Now it is not sufficient for anyone,” Luther continues, “and it does [one] no good to recognize God in his glory and majesty, unless [she or] he recognizes [God] in the shame and humility of the cross. Thus God destroys the wisdom of the wise, as Isaiah [45:15] says, “Truly thou a God who hidest thyself!” [Truly you are a God who hides yourself!] “True theology and the recognition of God are in the crucified Christ.” God is hidden in suffering.

So in a surprising way it is through our weakness that God manifest divine strength: (A pastor worked his heart out for a congregation, which remained completely passive and just let him do everything. It brought him to despair. Then he was diagnosed with cancer and could do nothing. The whole congregation became active and started carry out its ministry.) And it is through the suffering of the cross that we can tell it like it is and also get a glimpse of the surprising way God works in this world.

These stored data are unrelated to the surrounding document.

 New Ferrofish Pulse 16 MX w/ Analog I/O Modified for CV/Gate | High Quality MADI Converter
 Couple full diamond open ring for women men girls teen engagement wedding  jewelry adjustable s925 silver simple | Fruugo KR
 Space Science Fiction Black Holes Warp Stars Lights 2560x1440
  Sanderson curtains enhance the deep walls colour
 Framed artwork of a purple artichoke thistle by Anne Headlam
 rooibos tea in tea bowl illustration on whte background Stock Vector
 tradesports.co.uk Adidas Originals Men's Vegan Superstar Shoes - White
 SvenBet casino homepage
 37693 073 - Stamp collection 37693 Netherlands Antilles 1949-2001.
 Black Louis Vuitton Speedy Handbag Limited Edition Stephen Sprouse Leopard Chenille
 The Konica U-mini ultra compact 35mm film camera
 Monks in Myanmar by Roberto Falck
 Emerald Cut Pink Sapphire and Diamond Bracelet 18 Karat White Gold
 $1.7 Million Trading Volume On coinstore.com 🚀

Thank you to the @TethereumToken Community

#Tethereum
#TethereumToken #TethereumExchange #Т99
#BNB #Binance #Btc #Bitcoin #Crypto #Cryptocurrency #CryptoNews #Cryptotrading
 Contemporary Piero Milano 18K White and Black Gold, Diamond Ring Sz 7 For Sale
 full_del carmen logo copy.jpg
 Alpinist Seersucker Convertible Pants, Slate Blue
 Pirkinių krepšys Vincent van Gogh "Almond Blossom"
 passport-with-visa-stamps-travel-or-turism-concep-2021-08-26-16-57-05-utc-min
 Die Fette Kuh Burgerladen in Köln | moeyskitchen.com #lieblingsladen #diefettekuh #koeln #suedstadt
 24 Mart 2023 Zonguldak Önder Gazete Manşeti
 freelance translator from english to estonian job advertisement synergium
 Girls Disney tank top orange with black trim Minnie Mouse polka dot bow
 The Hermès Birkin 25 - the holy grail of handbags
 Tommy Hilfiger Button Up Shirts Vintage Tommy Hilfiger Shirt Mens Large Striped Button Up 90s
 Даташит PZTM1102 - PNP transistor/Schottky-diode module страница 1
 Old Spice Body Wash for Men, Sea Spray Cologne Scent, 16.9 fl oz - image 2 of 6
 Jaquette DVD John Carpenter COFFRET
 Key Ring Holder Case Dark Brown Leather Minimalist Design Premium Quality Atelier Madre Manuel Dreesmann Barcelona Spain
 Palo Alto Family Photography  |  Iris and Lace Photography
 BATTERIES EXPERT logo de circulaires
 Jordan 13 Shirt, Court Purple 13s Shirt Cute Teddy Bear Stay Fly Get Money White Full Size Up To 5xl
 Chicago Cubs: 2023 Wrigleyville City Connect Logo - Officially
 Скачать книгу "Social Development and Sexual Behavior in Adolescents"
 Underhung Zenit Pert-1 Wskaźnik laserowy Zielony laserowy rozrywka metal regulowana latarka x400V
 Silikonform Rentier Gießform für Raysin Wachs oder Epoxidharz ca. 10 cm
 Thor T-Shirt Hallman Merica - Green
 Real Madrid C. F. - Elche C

We will need to work with the Theology of the Cross throughout our Mid-week Lenten Services. It is not easy to understand. Some of the themes I have lined up for the mid-week Lenten services are

1. Luther’s Theology of the Cross

2. Luther’s life and how he becomes justified through faith

3. Reading Luther’s Small Catechism again

4. Luther’s best-selling pamphlet, “The Freedom of a Christian” and what I call the existential rapture

5. Jacob’s Ladder in Luther’s Spirituality

6. Luther’s theology is Theological therapy because he was acquainted with episodes in which he is attacked by doubt that we call Anfechtungen.

Let’s learn some of Luther’s hymns along the way.

To recap part of the theology of the cross: the people who suffer can see things as they are and can tell it like it is. The people making them suffer just don’t get it. They are blinded by the theology of glory.